In lavaan I have tried to group by "Person"

mod.est <- sem(
  model = model,
  data = test,
  group = "Person",
  estimator = "ULS"
)

but this outputs the error "Error: lavaan->lav_data_full(): some variables have no variance in group 1 : Trait1 Trait2 Trait3 Trait4".

I have not been able to find a solution to this.


Solution

  • I am in essence trying to run this model in a way so that the regression "TrialVariable ~ Trait4" has random intercept and slope

    For that to work, Trait4 would have to be a Level-1 variable. In your reprex data, it varies only between (not within) Person, so it can only have a (Level-2) fixed effect.
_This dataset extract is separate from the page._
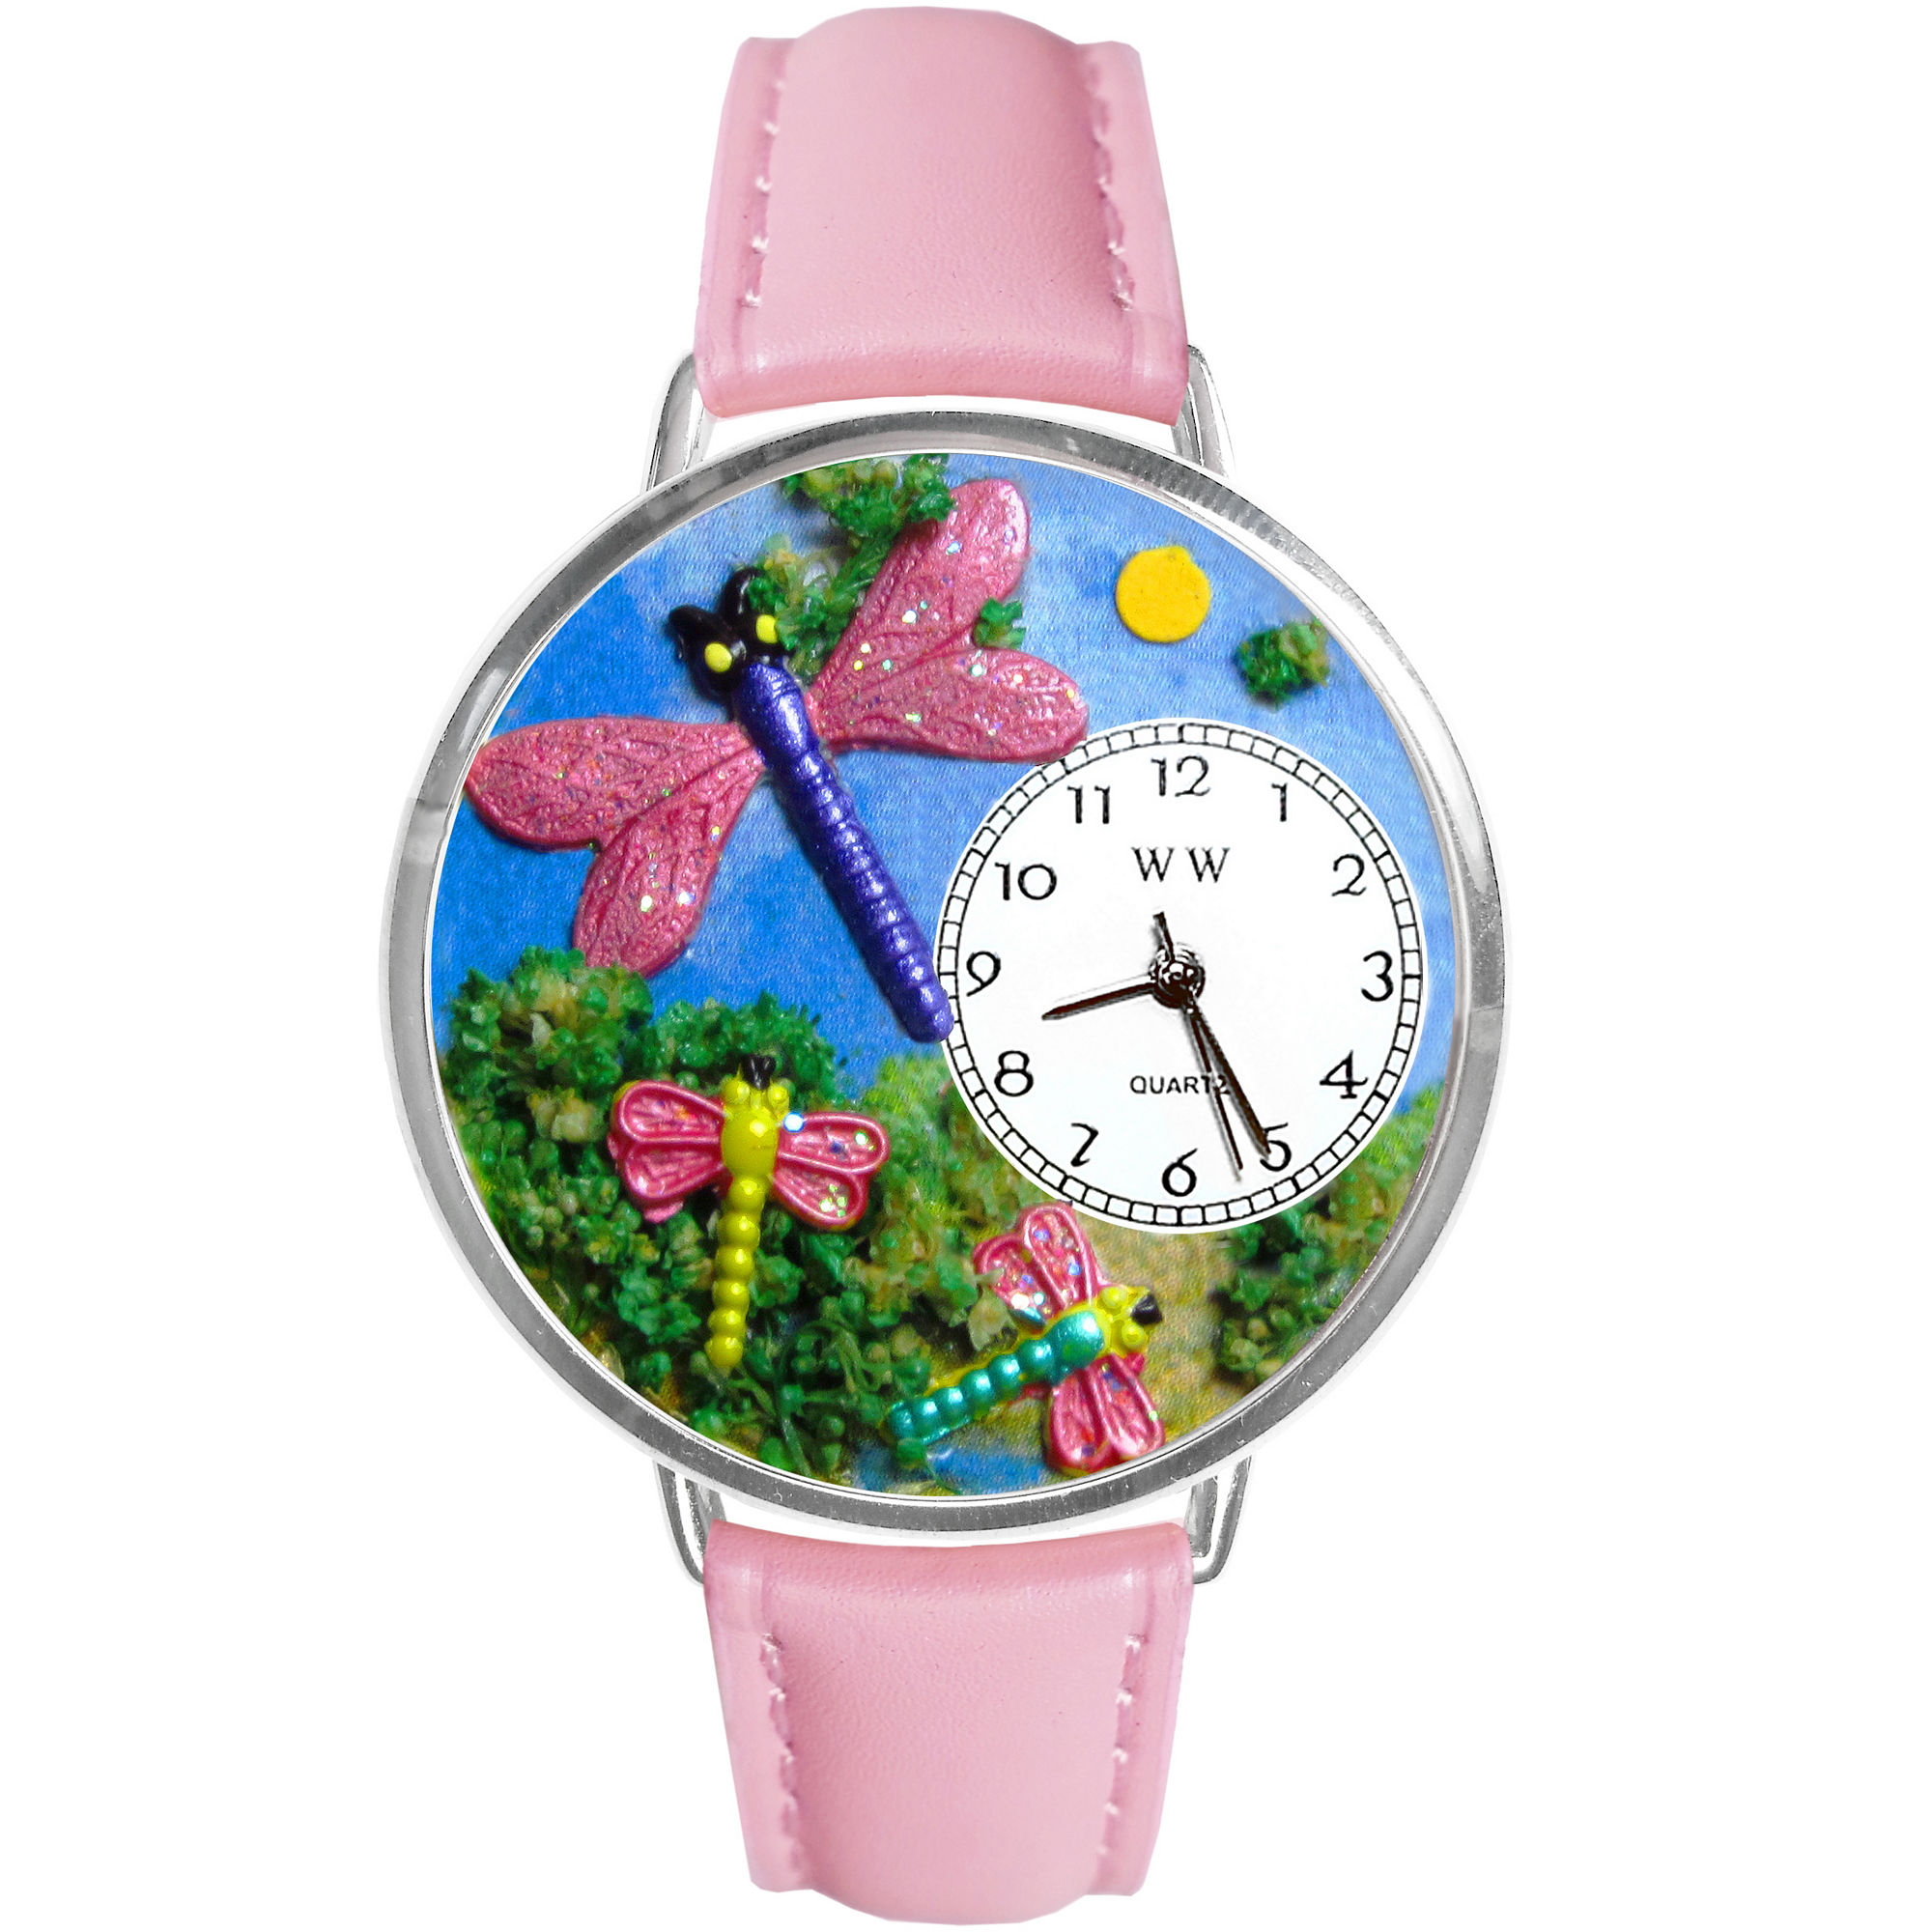 Whimsical Watches Personalized Dragonfly Womens Silver-Tone Bezel Pink Leather Strap Watch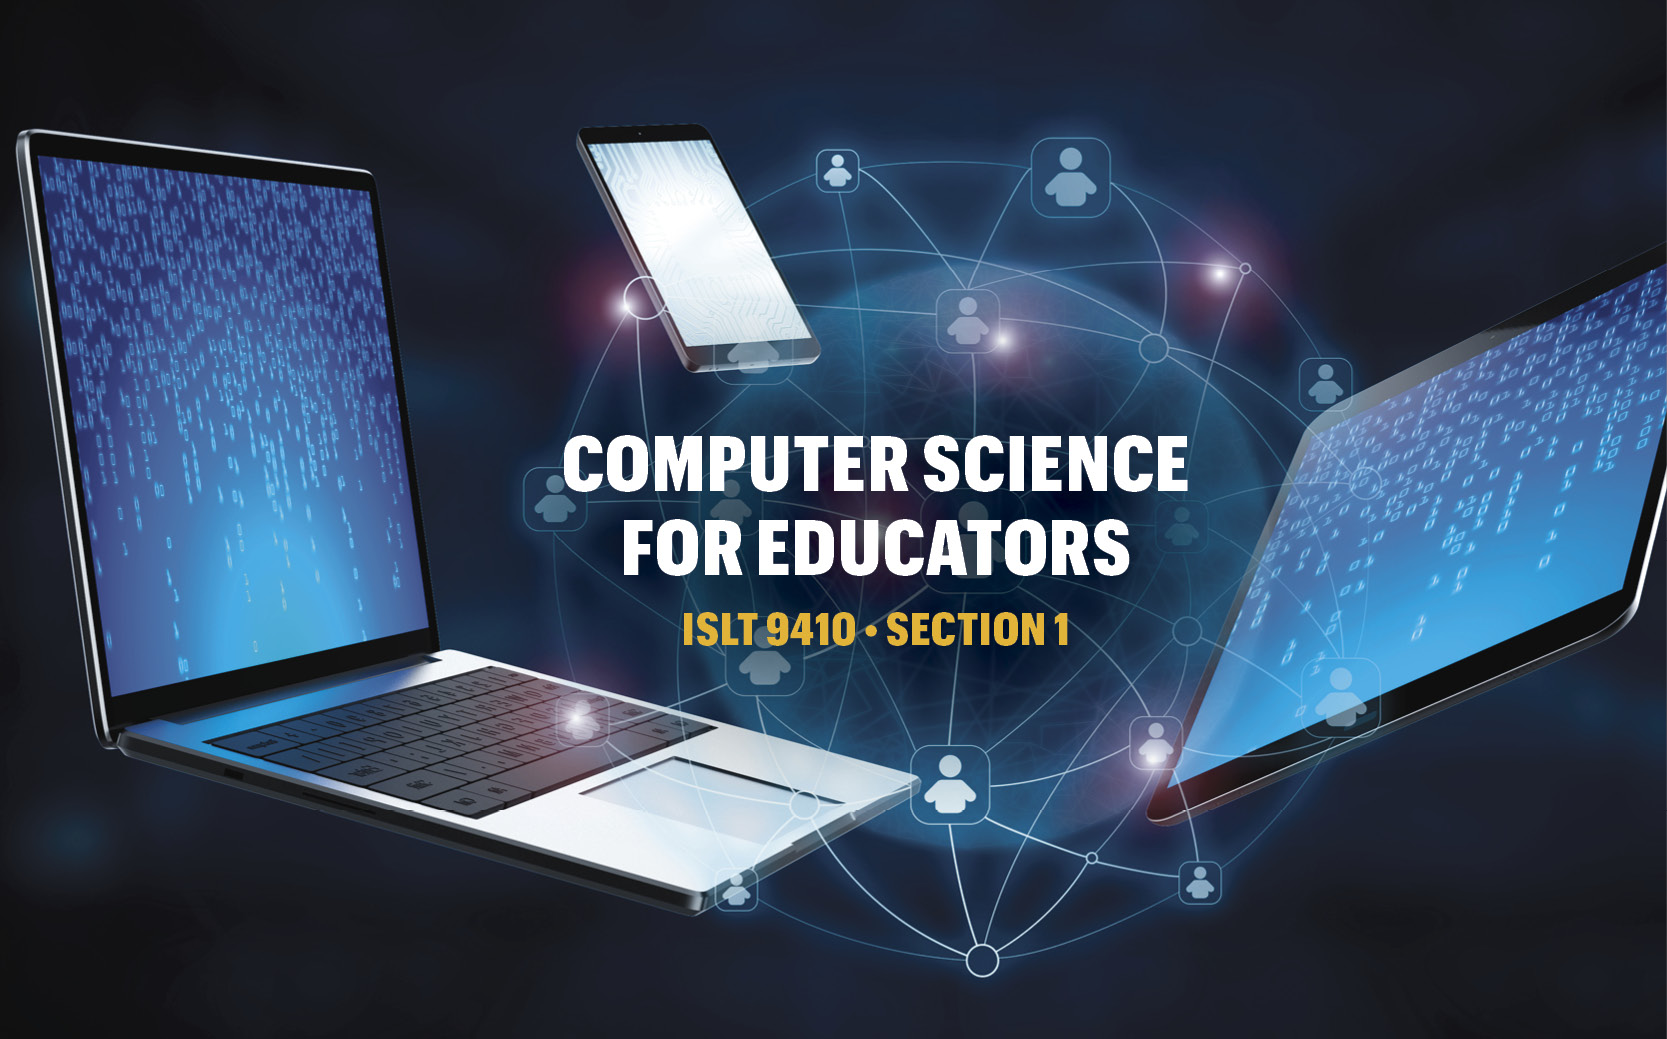 courses under computer science education

    This is what Preacher et al. (2010, Table 1) referred to as a 2-1-2 design, where only the mediator (TrialVariable) is measured at Level 1. This means that the (in)direct effects of Trait4 on Latent1 only occur at Level 2 (i.e., the only relevant variance in TrialVariable is in its Person means).

    You could fit the model to your Level-2 data. This involves calculating the Level-2 component of TrialVariable (i.e., Person means). You can use aggregate() to save those with nonredundant rows of the other Level-2 variables:

    testL2 <- aggregate(cbind(TrialVariable, Trait1, Trait2, Trait3, Trait4) ~ Person,
                        data = test, FUN = mean)
    mod.est <- sem(
      model = model,
      data = testL2,
      #group = "Person",
      estimator = "ULS"
    )
    

    Note that this example fails with your reprex because some of your variables are perfectly correlated (hard to avoid with only 3 Level-2 observations). You can edit your test data to try it with different values, and maybe 5 observations to avoid the sample covariance matrix being non-positive definite. And make Trait4 a Level-1 variable, if that is what you intended (to have a random slope).